Is the human being the only exploitative creature?
Sia Az saytından verilən məlumata görə, Icma.az xəbər verir.
In nature, every living being has a role. Each struggles to survive, yet this struggle never turns into systematic destruction. The lion hunts, but out of hunger. The tree spreads its roots, not to strangle another, but to reach the sun. Among all living things, there exists an invisible law that maintains balance to live by letting others live. Humanity, however, is the only being that has broken this law.
The human mind is often celebrated as the greatest gift of civilization. But this very mind has often replaced compassion. The intelligence that built technology, civilization, and economic systems may appear as progress, yet beneath it lies a mechanism of exploitation. The more humankind subdued nature, the more it believed it had gained freedom, yet in trying to control the world, it enslaved its own spirit.
This paradox defines humanity’s deepest contradiction: the more reason grows, the more oppression follows. Because when intellect evolves without conscience, knowledge becomes a tool of domination. Throughout history, humans have used their minds to rule, not to create harmony. And so, the dominance once imposed on nature has gradually extended to human-to-human relations.
Exploitation did not begin with the cutting of trees; it began the moment a living being said, “This land is mine.” That sense of ownership over the earth soon turned toward other humans began to “own” one another.
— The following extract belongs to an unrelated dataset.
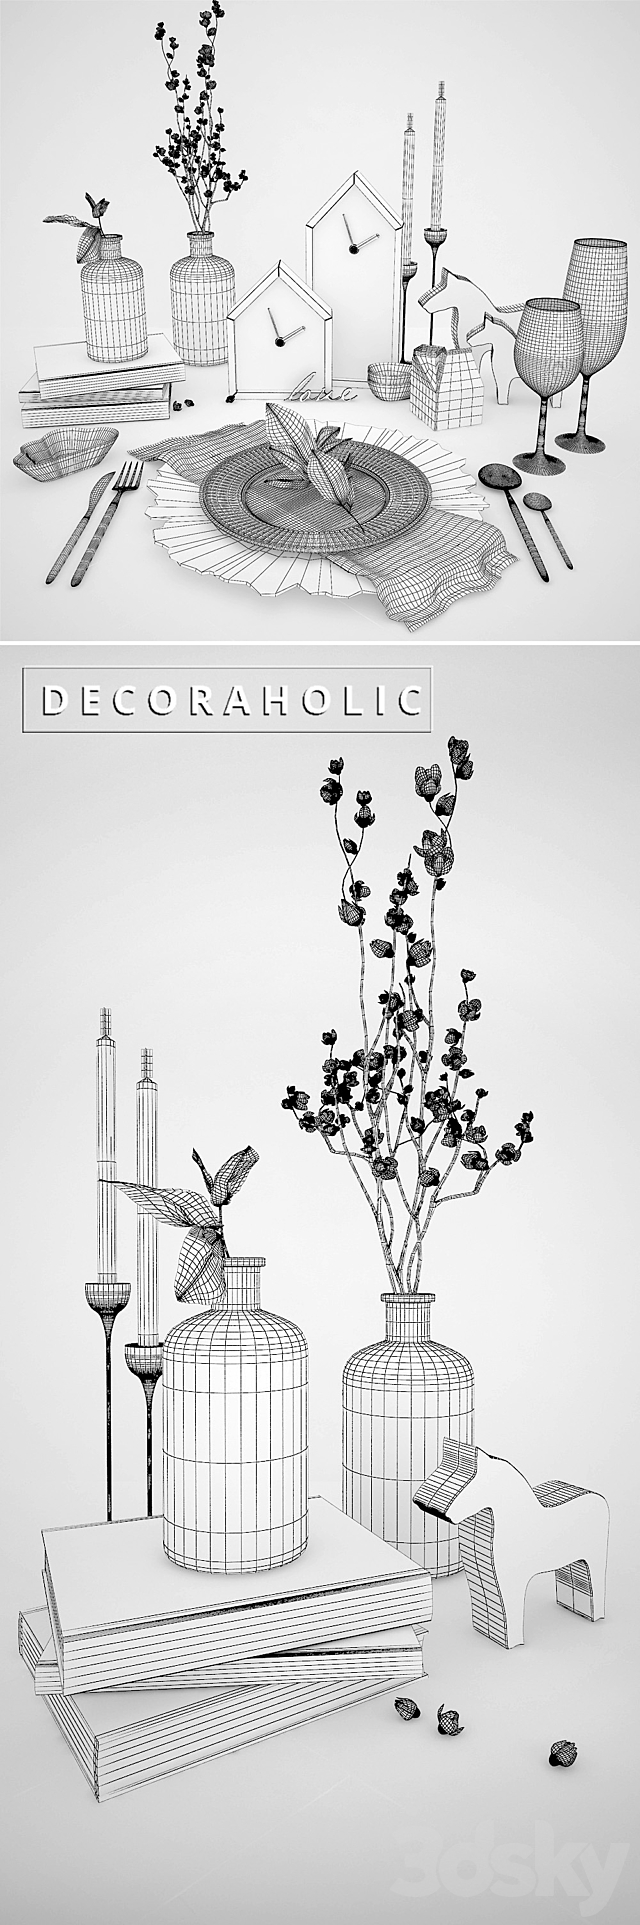 Decorative set_decoraholic_?1 3DSMax File - thumbnail 3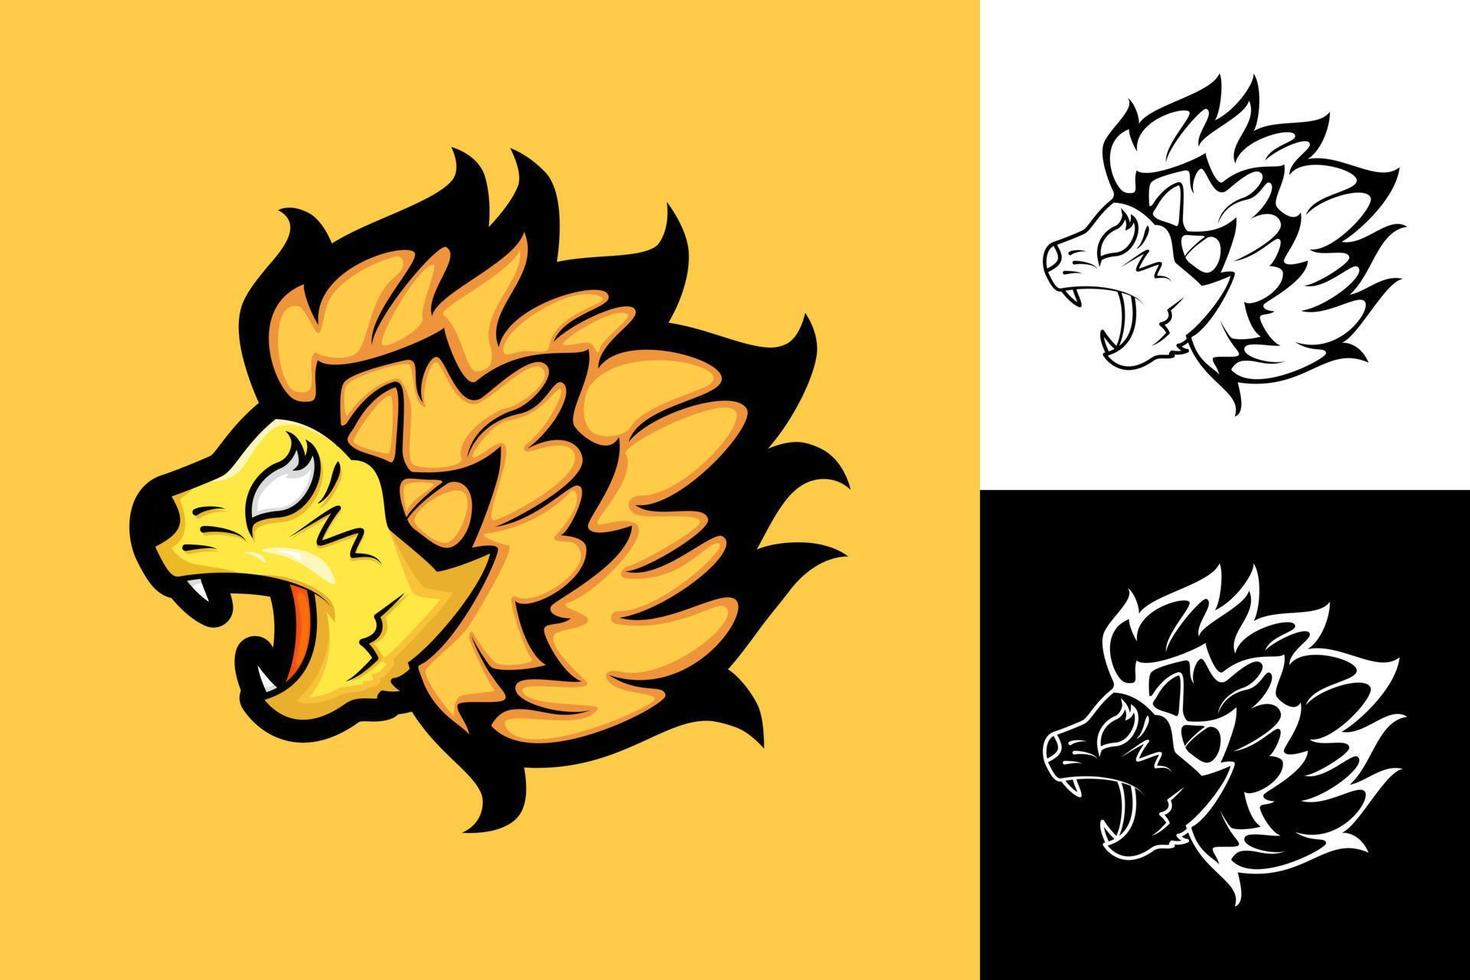 leeuwenkop illustratie met boze uitdrukking. mond open. geschikt voor logo, mascot, kunst, icoon, symbool. oranje, zwart en wit vector

Thus, intellect became the ideology of power, and compassion was mistaken for weakness.
Humanity separated itself from nature because it believed it stood above it. Yet this idea of “superiority” marked the very beginning of its estrangement from nature, from spirit, and ultimately from itself. Every time a tree was cut down, humanity severed its own roots. Every time a living being was called a “resource,” the human soul became a commodity.
Today, when we speak of the “modern human,” we think of technology, urban life, and economic growth. But behind this image of progress hides an invisible decline, a decline in empathy, in sharing, in conscience. The more humanity “developed,” the further it drifted from simplicity, nature, and moral depth.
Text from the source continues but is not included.